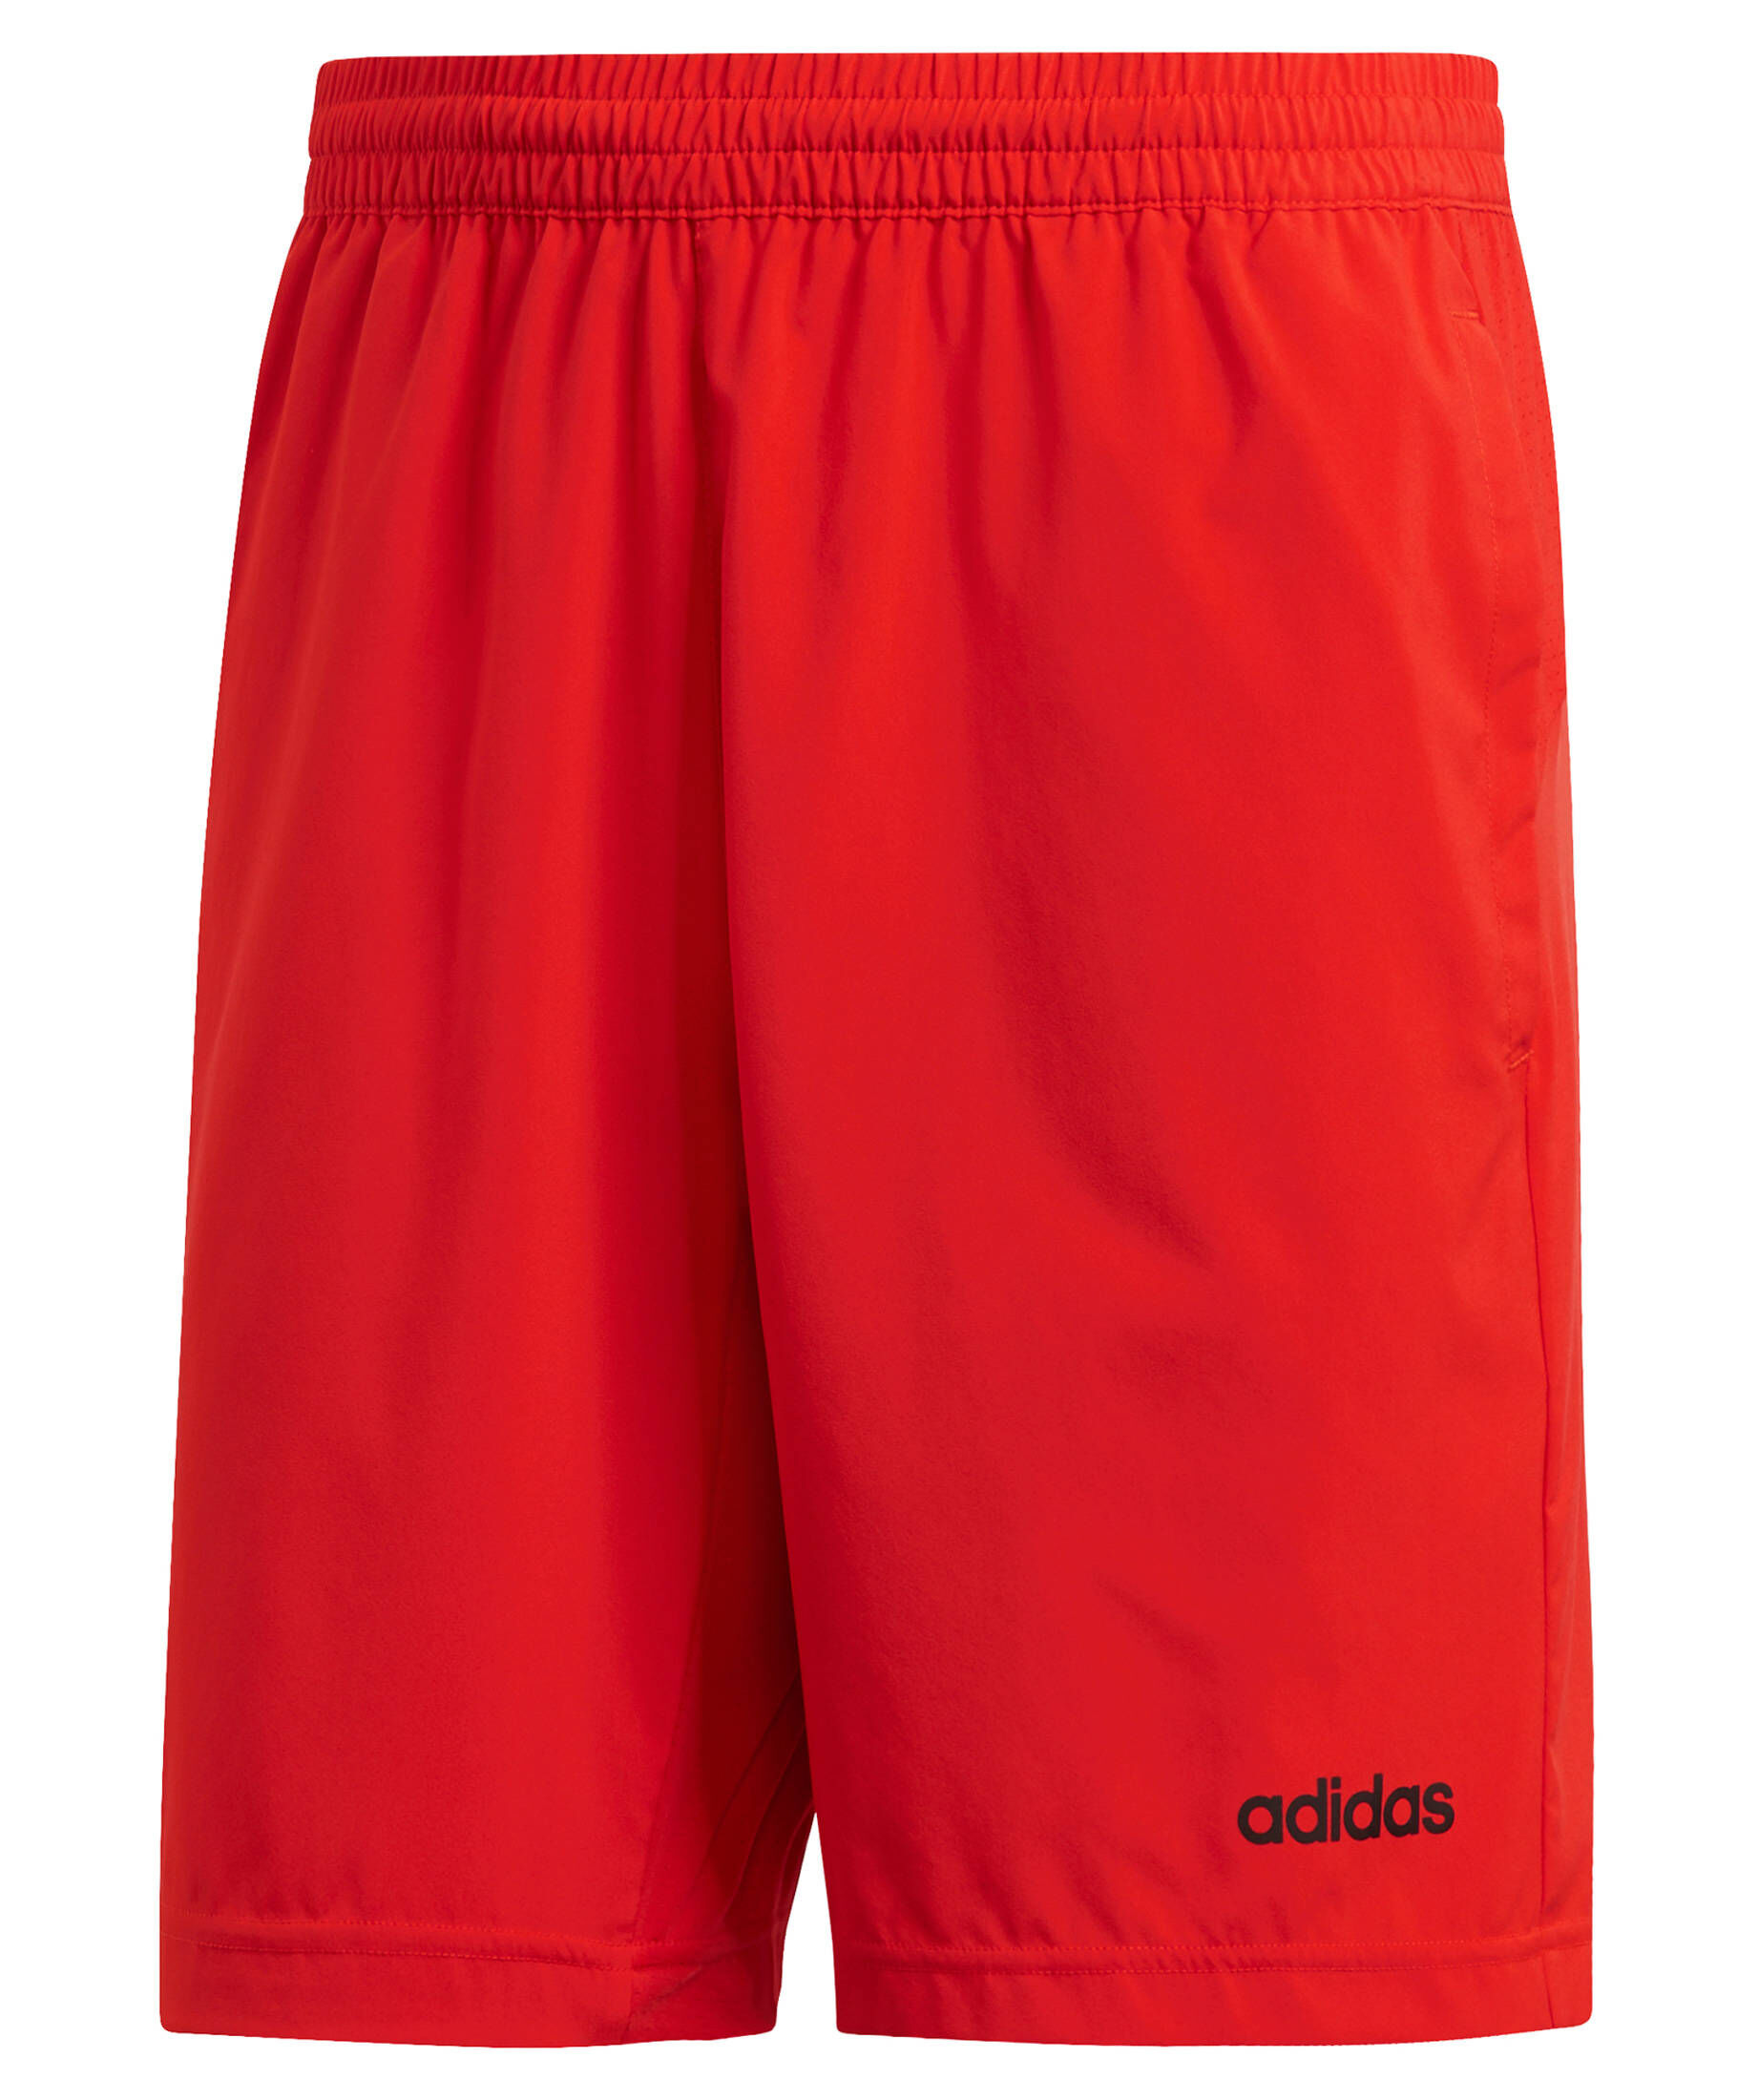 27 100 % Bw Maße 50 Xxxl Shorts & Bermudas Hose Bermuda Short Kurz Blau Via Cortesa Gr
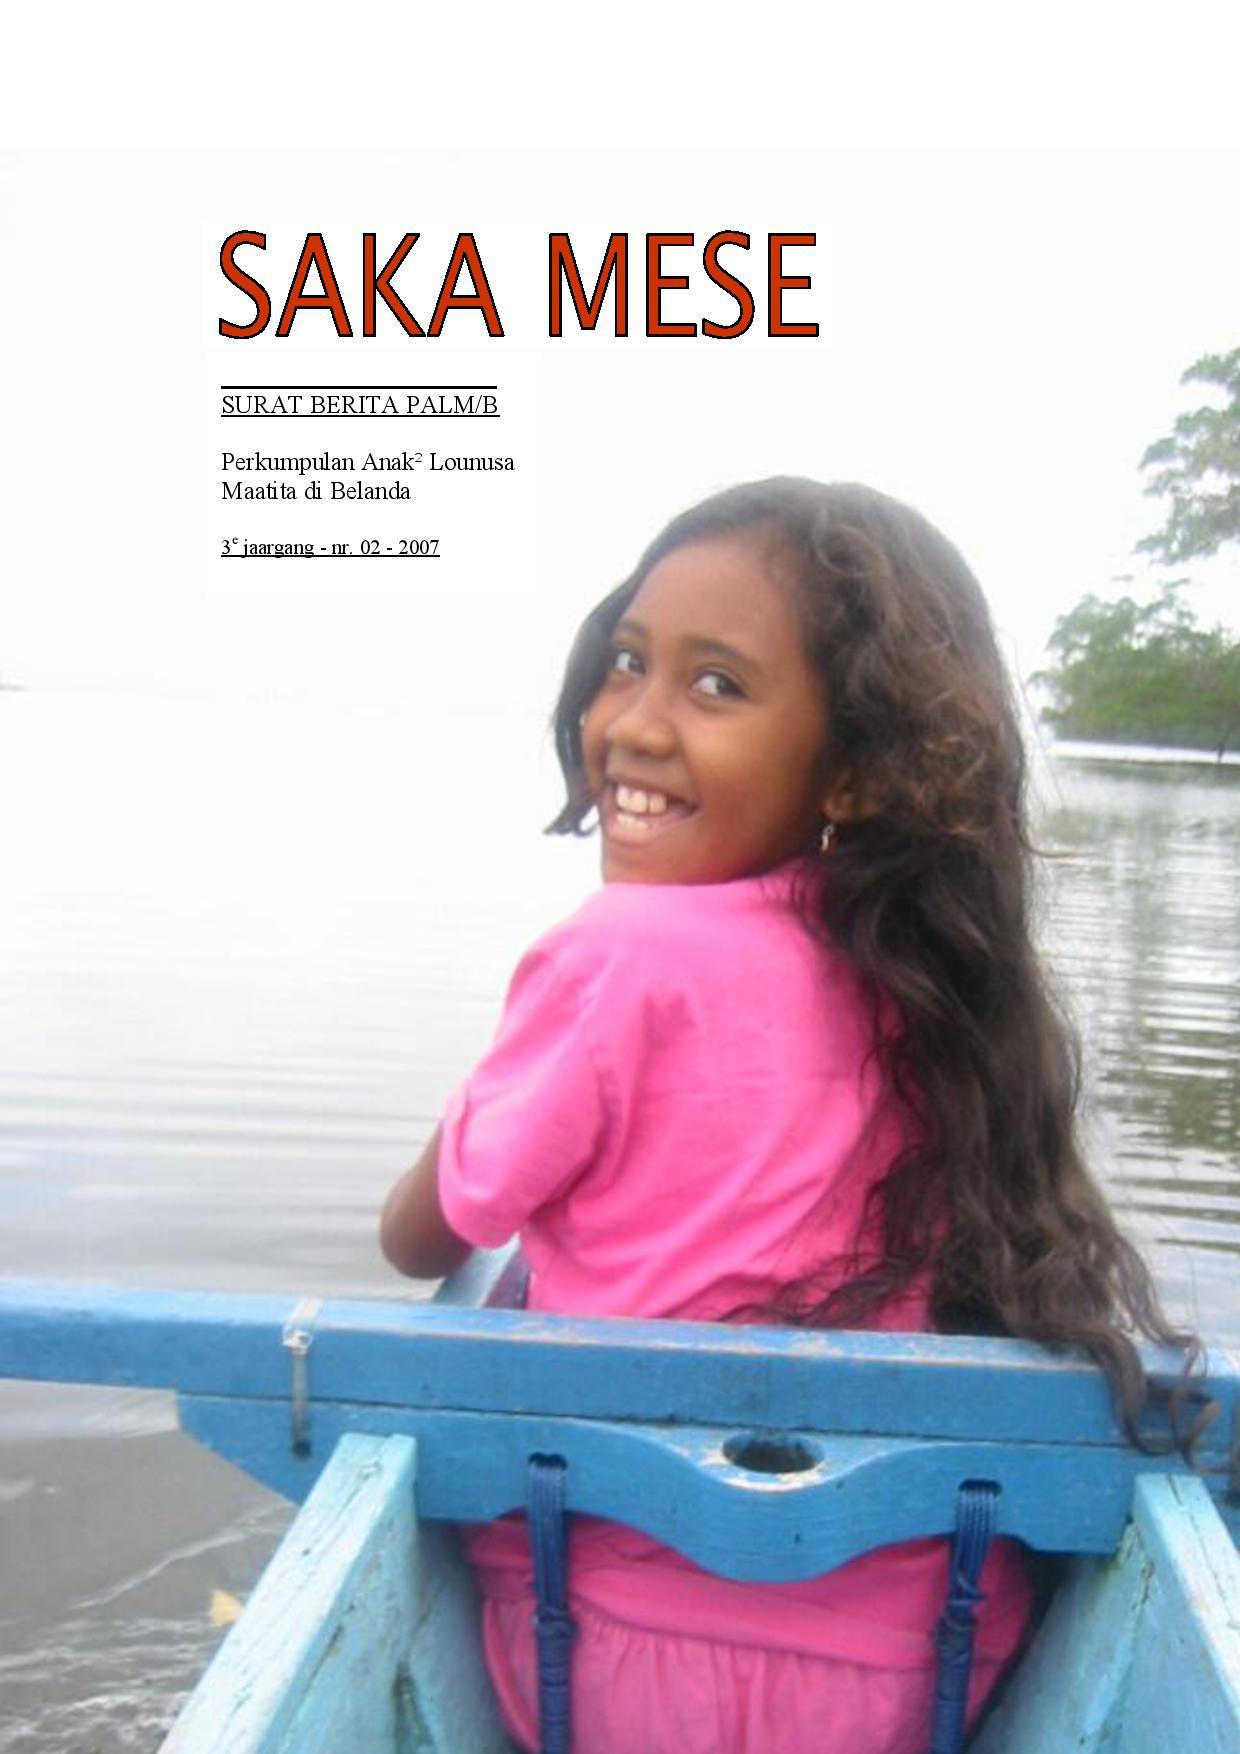 Saka Mese 3e jaargang nr. 02-2007 definitieve webversie-page-001
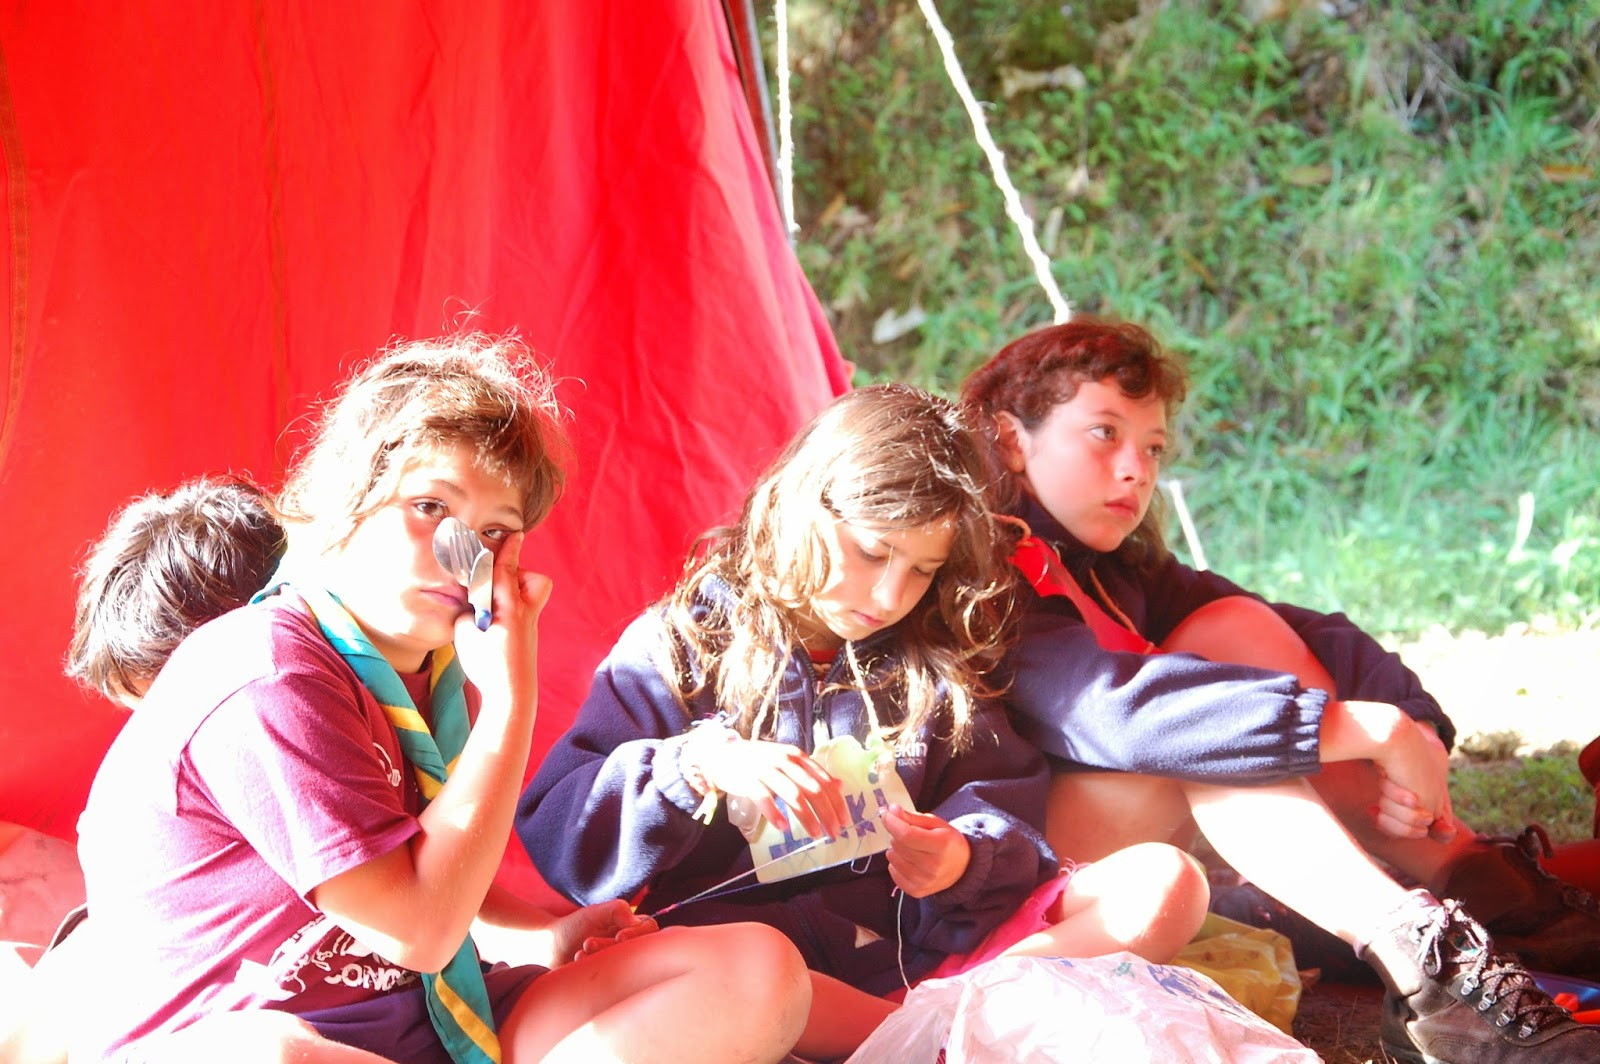 Campaments Estiu RolandKing 2011 - DSC_0045.JPG

################

Excluding the pictures, retype the line containing "Saka Mese 3e" and all lines after it down to the end of the data above.

(OUTPUT FOR THIS TASK)
 Saka Mese 3e jaargang nr. 02-2007 definitieve webversie-page-001
 Campaments Estiu RolandKing 2011 - DSC_0045.JPG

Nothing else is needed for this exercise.